A Japanese laboratory was surprised after dismantling a Huawei Mate 60 Pro. There were no parts from American companies. By comparison, the Huawei Mate 40E Pro had 5 of its parts coming from American companies, with domestic parts accounting for 57 percent. Bloomberg also confirmed that the chip inside the phone was by a Chinese manufacturer, and the advanced chips were entirely produced domestically.
The breakthrough and sharing of Huawei’s chip technology also means that all domestic smartphone manufacturers, and even automobile and PC manufacturers, may manufacture or own high-end chips without having to worry about supply chain risks resulting from U.S. companies’ chip restrictions or supply cuts. In recent years, America’s chip export control measures have brought huge challenges to China’s semiconductor industry, while at the same time, providing strong motivation for innovation and development.
China’s industrial technology has evolved rapidly, and the gap with the world’s advanced level has narrowed. Today, the country’s chip industry has reached the advanced level in terms of design, packaging and testing. Weak links such as equipment and materials are also catching up. Manufacturing processes are developing rapidly, and the pace of domestic substitution of chip equipment is accelerating.
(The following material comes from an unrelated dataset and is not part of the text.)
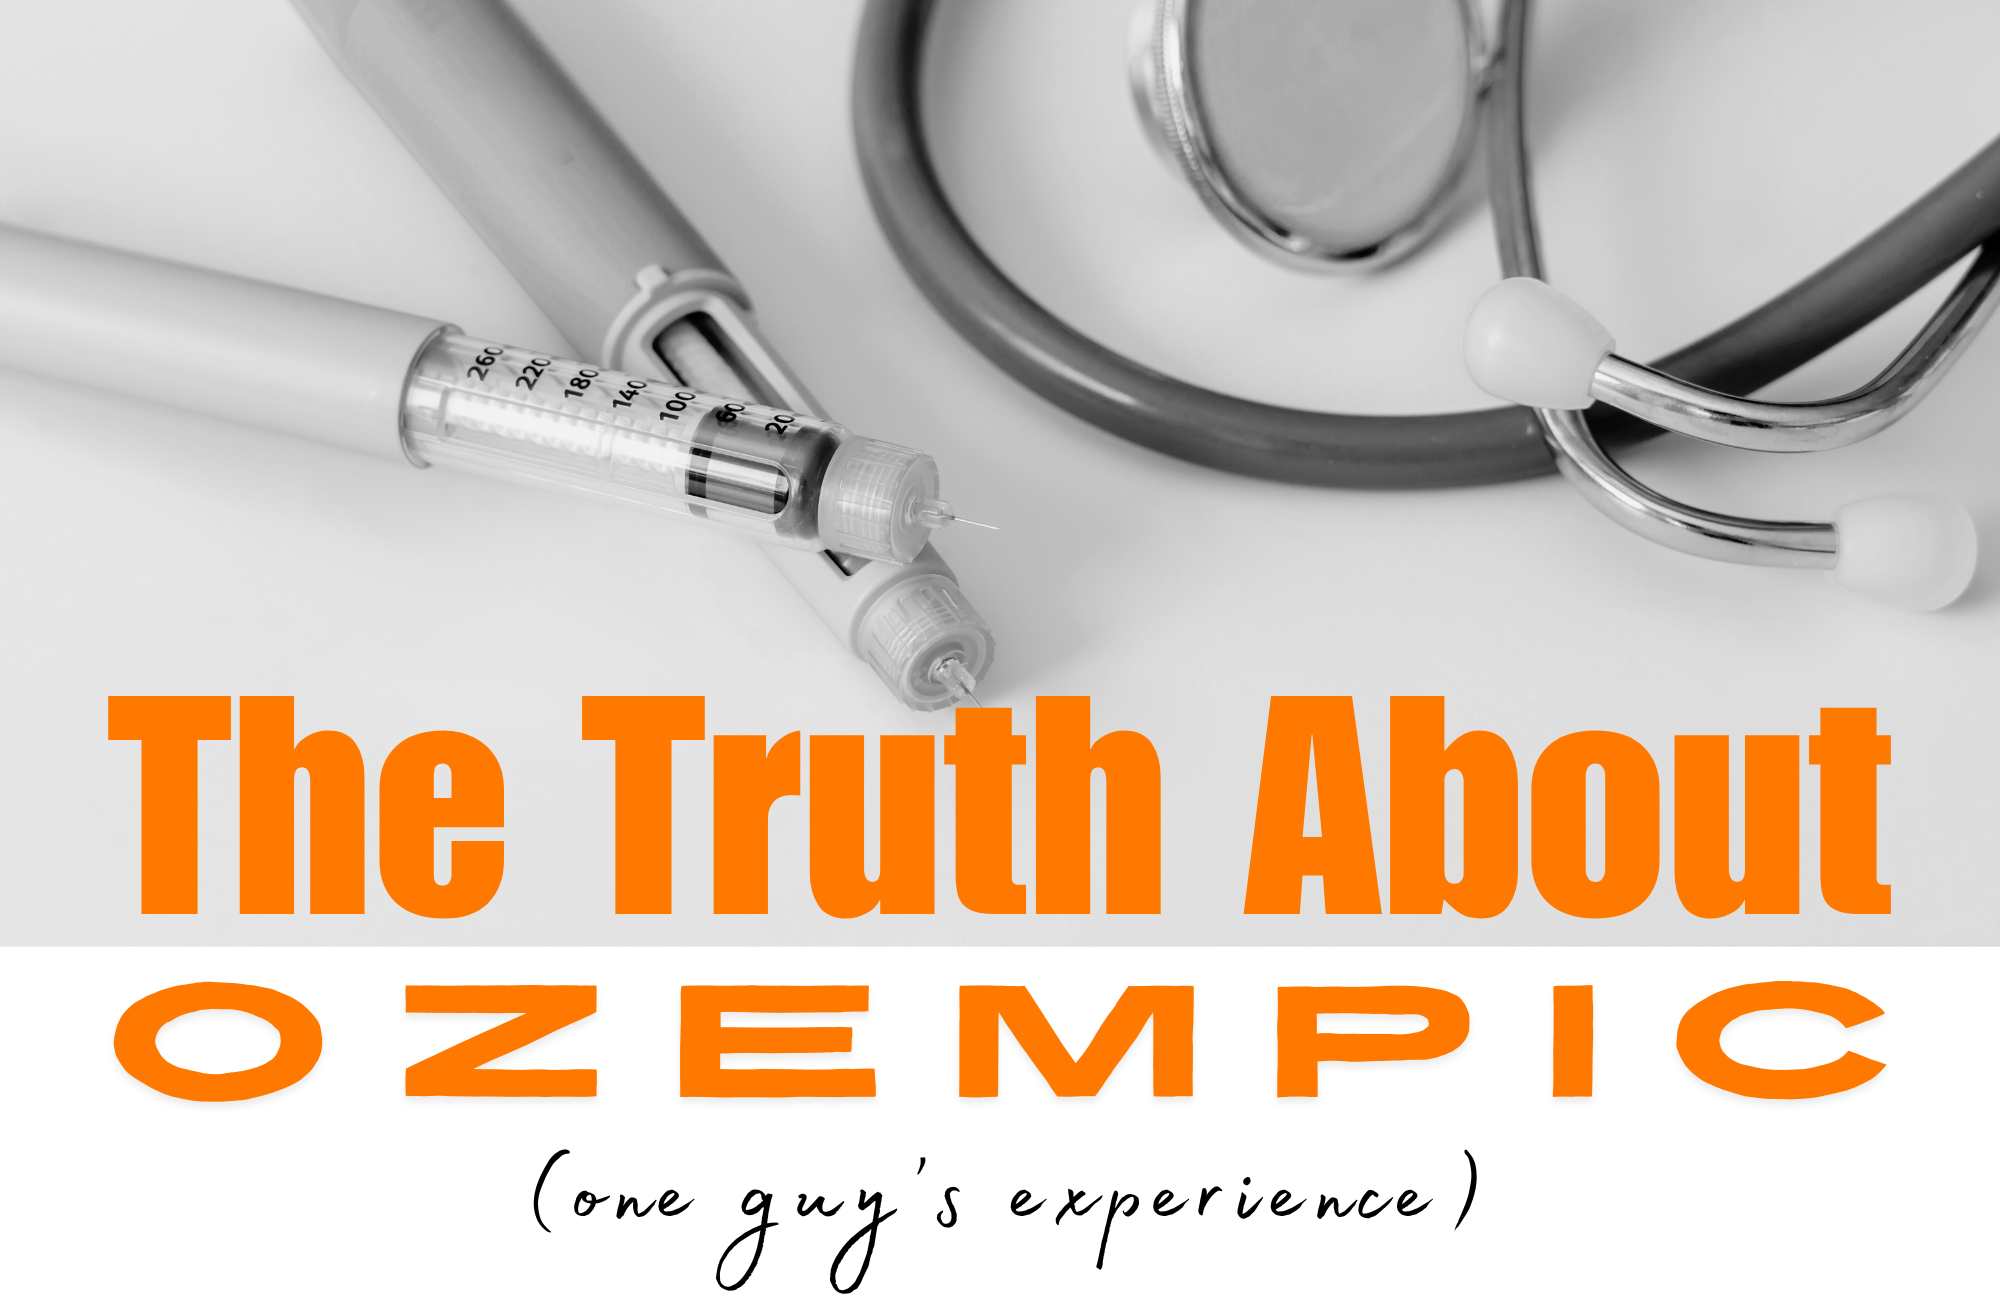 The Truth About Ozempic (one guy's experience)

Calls via satellite with the new phone is another highlight. The technical difficulty of the direct satellite connection technology may be even greater than when 5G was originally developed, but it took Huawei only a year to completely overcome the challenges of the physical size of the antenna, the satellite function of the phone, power consumption and heat generation. Once again Huawei achieved a miracle.
The wonderful debut of Huawei’s new product has undoubtedly dealt a heavy blow to the U.S., which has been busy all these years trying to choke Huawei and block its development. The U.S. media basically believes it’s a big tech breakthrough for China that demonstrates the technical progress China’s semiconductor industry has been able to make without the best tools. The difficulty of this achievement also shows the resilience of the country’s chip sector.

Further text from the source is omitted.